Another challenge to address was reliability. A well operation is not worth performing if it introduces an unacceptable risk to well deliverability. Like any emerging technology, many learnings were achieved during the first decade of multilateral well construction. Prototype systems were retired and stronger systems were refined. Ongoing continuous improvement began in all key elements of the technology, including equipment designs, personnel competency development, operating procedures and project execution processes. Such processes include the design of service, equipment selection, manufacturing quality control, workshop assembly and wellsite installation. Because of this disciplined approach to service quality improvement and process adherence across the entire project life cycle, some service providers have improved their current execution success rate to better than 96%.

The final challenge to overcome was efficiency. The value of adding a lateral to a well design is eliminated as the trips to achieve this begin to exceed the trips necessary to drill an entirely new well instead. One of the early hydraulically isolated junction systems [technology advancement of multilaterals (TAML) 5] was first run in 2000 and required six days of installation time (not including lateral drilling hours). More than 300 installations and 18 years later, a typical junction of this type is installed in three days.


The scale and scope of wells also evolved as challenges were addressed. In 2000 the most common multilateral installed in the North Sea was a TAML 5 dual-lateral well with an approximately 2,000-m (6,562-ft) screen in each branch and both legs commingling with no flow control or monitoring. Currently, trilateral TAML 5 wells are drilled featuring 5,700-m (18,701- ft) autonomous inflow control device screens in each lateral, totaling up to 17,000 m (55,774 ft) measured depth (MD) of exposed reservoir for the well, and fullsuite intelligent completions to enable downhole flow control and monitoring of each leg. At the same time, a system installation reliability of more than 99% is consistently maintained.

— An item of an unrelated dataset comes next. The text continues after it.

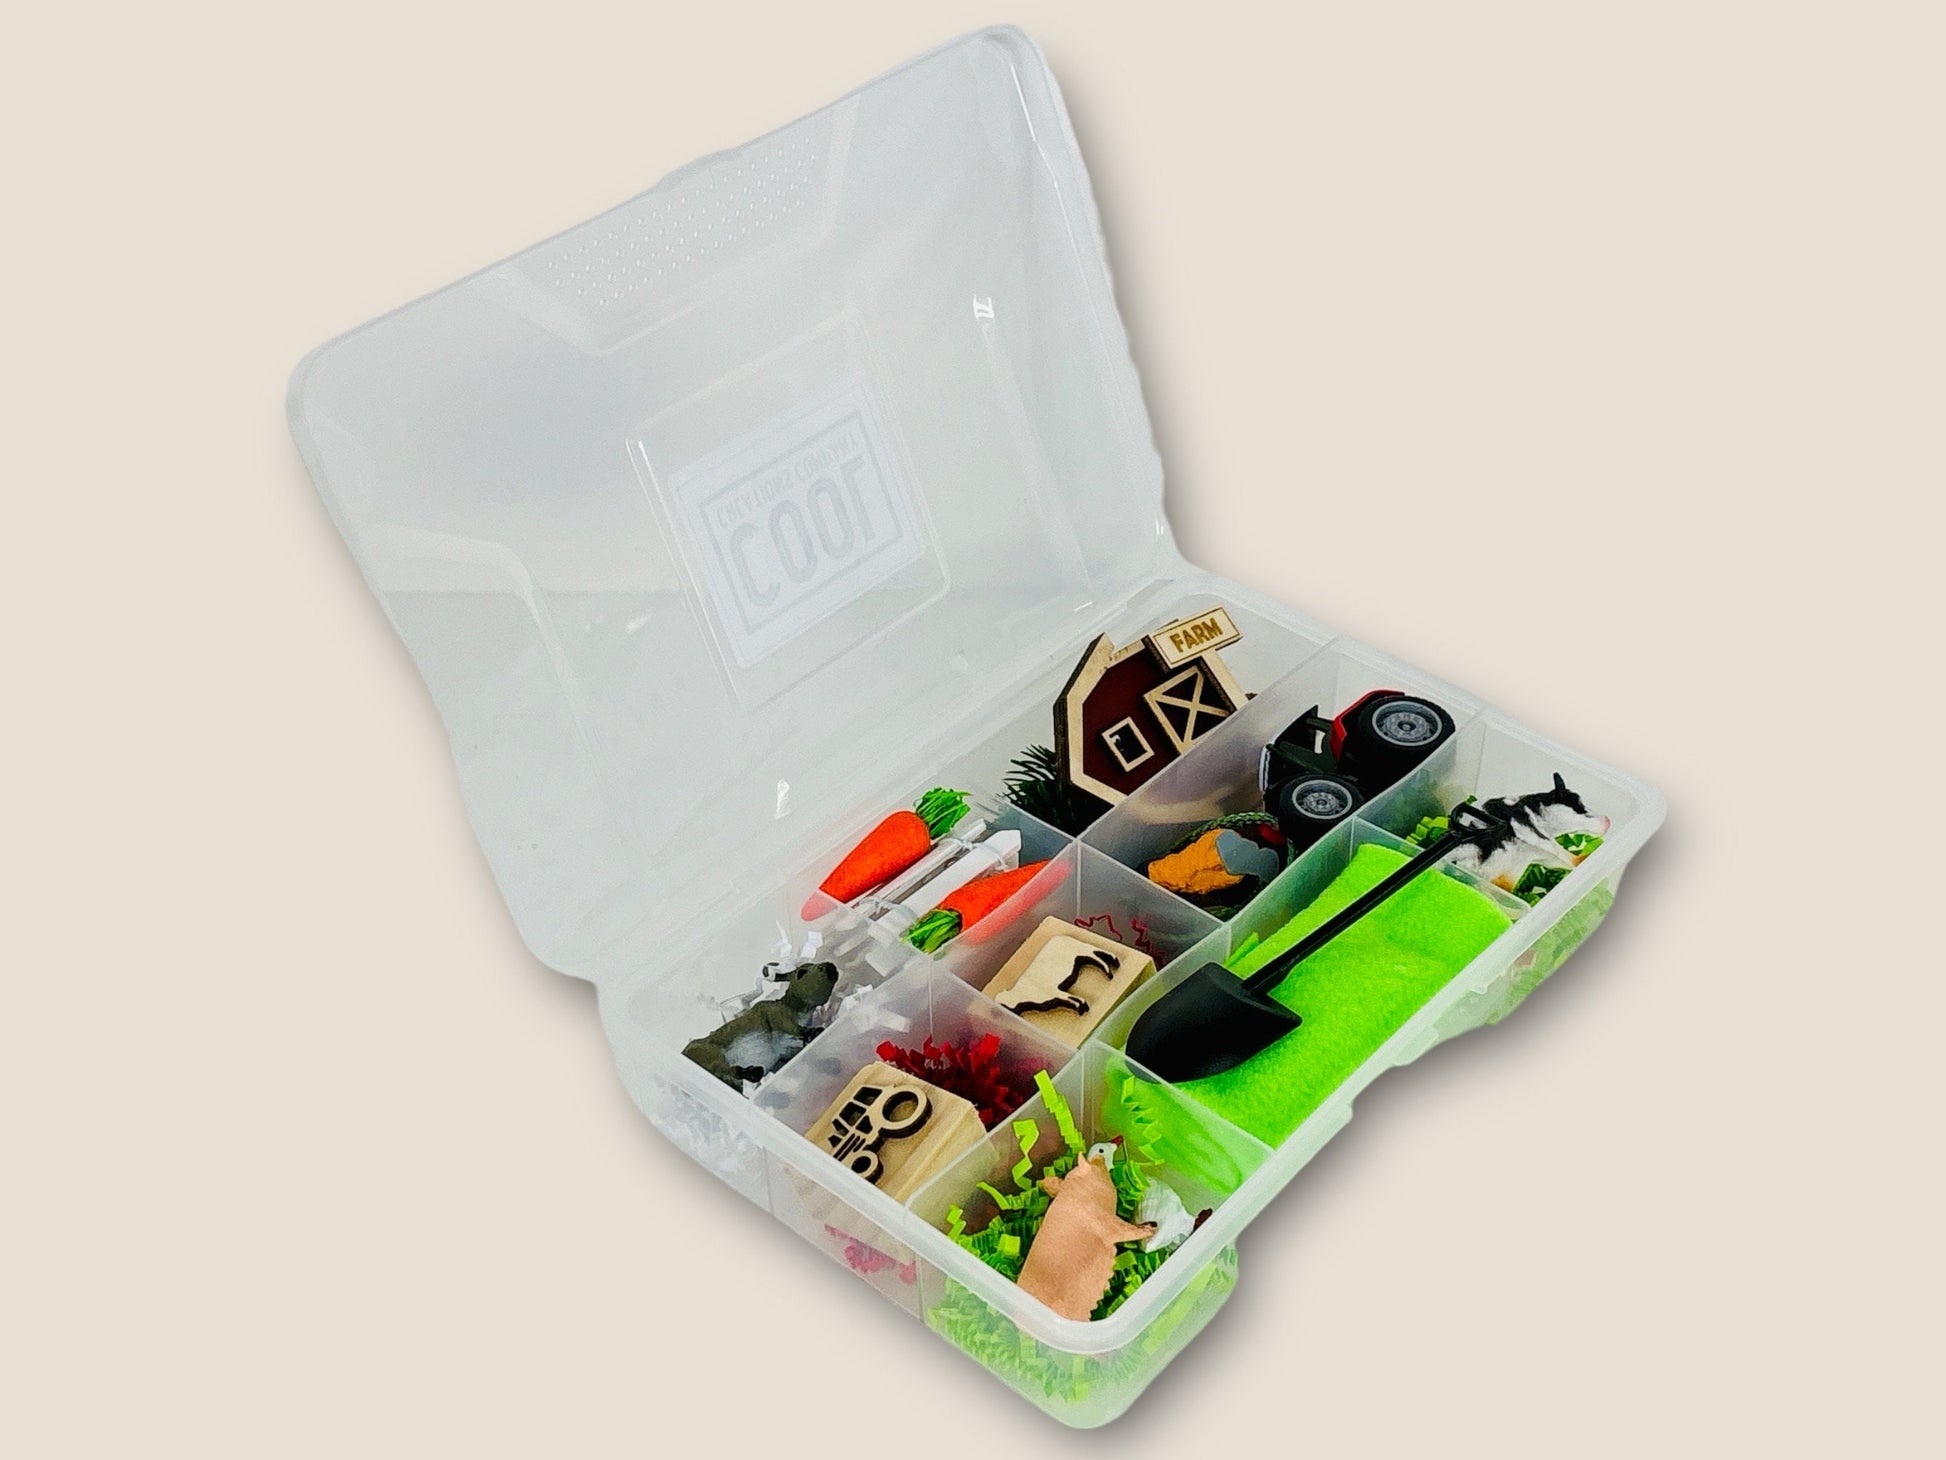 Farm Sensory Play Dough Kit, Farm Animal Busy Box, Farm Activity Boxes for Boys, Birthday gifts for Children, Kinetic Sand Kits
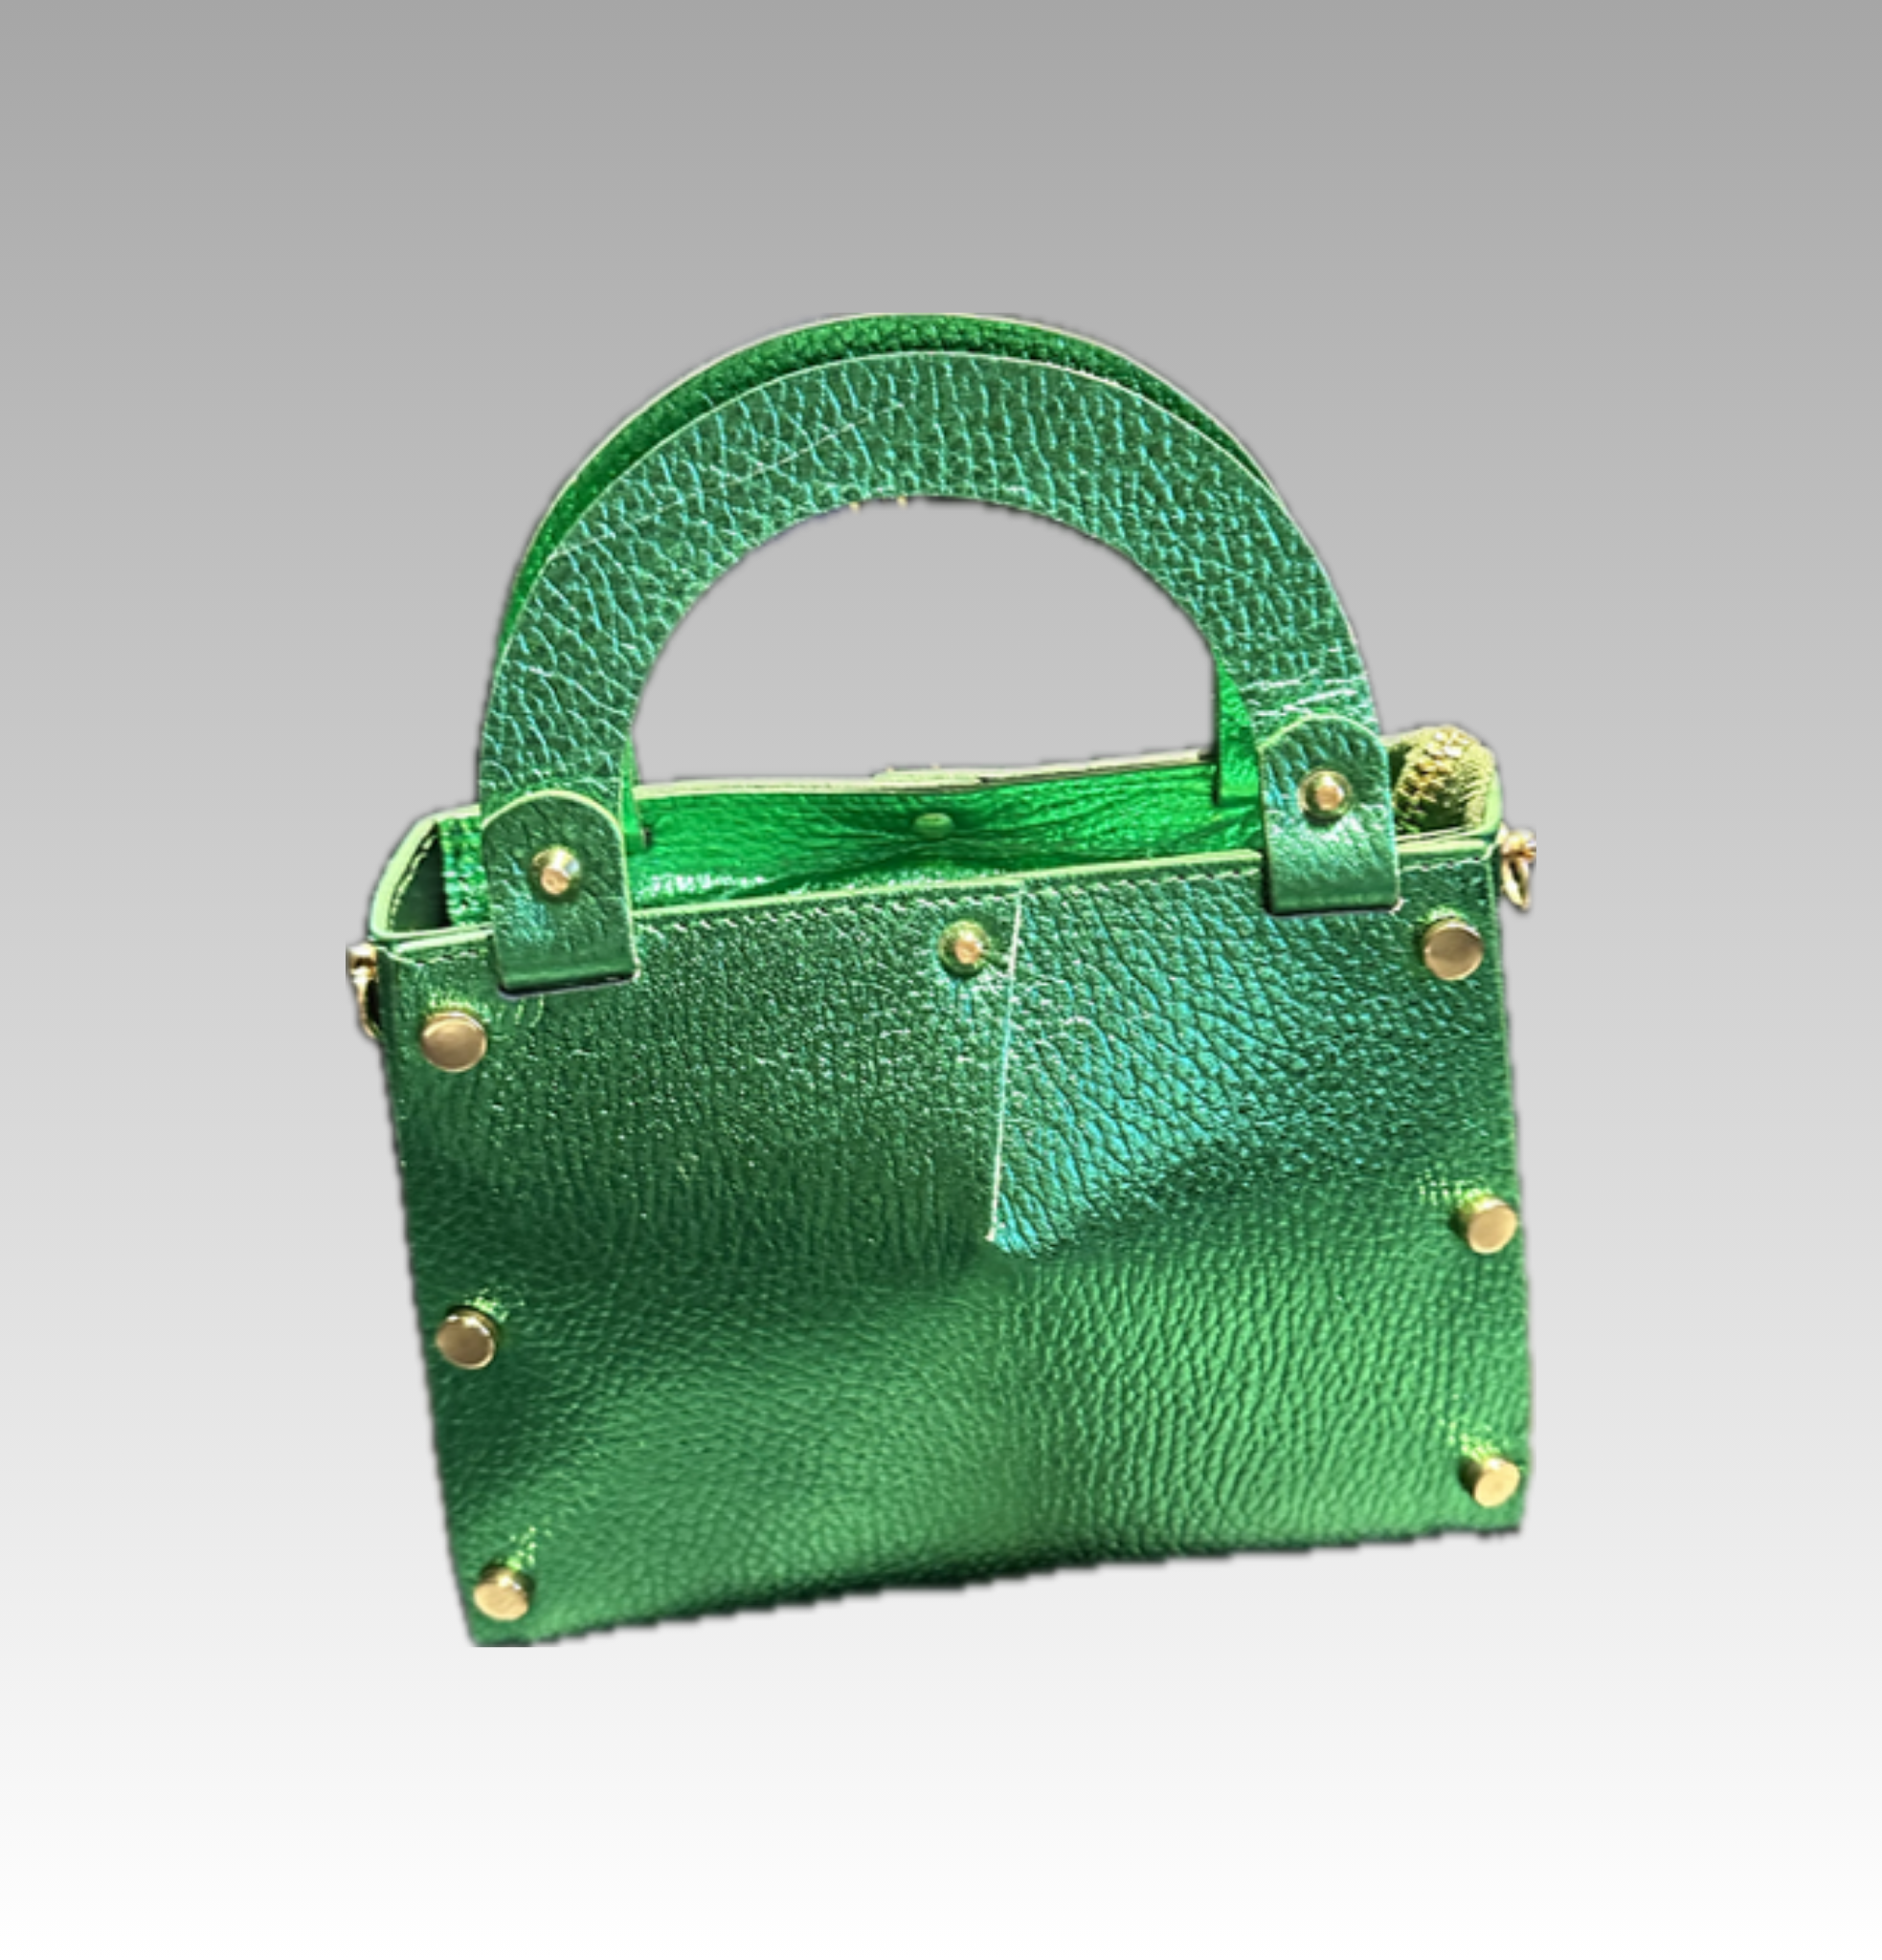 Stylish Green Leather Handbag

A recent enhancement of multilateral wells combined with intelligent completions control of each lateral is the ability to intervene in each lateral through the completion. Historically, a multilateral well would feature intelligent completions or lateral intervention capability but not both. By integrating intervention capability through the completion and the junction, the technical, economic and operational barriers of intervening in each lateral are removed. Operators can now inexpensively intervene, stimulate and run production logging tools into lateral zones as needed. By facilitating this access, far more flexibility is provided regarding maintaining and optimizing production and ensuring life of well reliability. This capability exists for dual-lateral, trilateral and greater, with each lateral having intelligent completions flow control and monitoring and full accessibility.

Halliburton’s advanced completion systems incorporate multiple technologies, like autonomous inflow control device screens in each lateral and intelligent completions to enable downhole flow control and monitoring. (Source: Halliburton)



Adding laterals to infill wells remains an increasingly common method of enhanced recovery in mature fields, particularly in recent years of depressed oil prices. The prospect of accessing unswept zones in a well-understood reservoir, without needing to add new infrastructure to the field, has proven economically attractive and effective in numerous projects in the Middle East, North Sea, Australia and Russia. This is generally performed using a slot recovery, the production casing section being redrilled and cased and multiple laterals placed off of that new casing. Alternatively, the new lateral can be added directly from the existing production casing. This allows original lateral production to be retained and production from the new lateral tied back to the main bore. In some cases, the existing lower main bore is abandoned, and a conventional sidetrack is performed to create a new lower main bore reservoir section with an additional lateral above. In almost all of these brownfield applications, intelligent completions are implemented as a means of production optimization with water or gas breakthrough.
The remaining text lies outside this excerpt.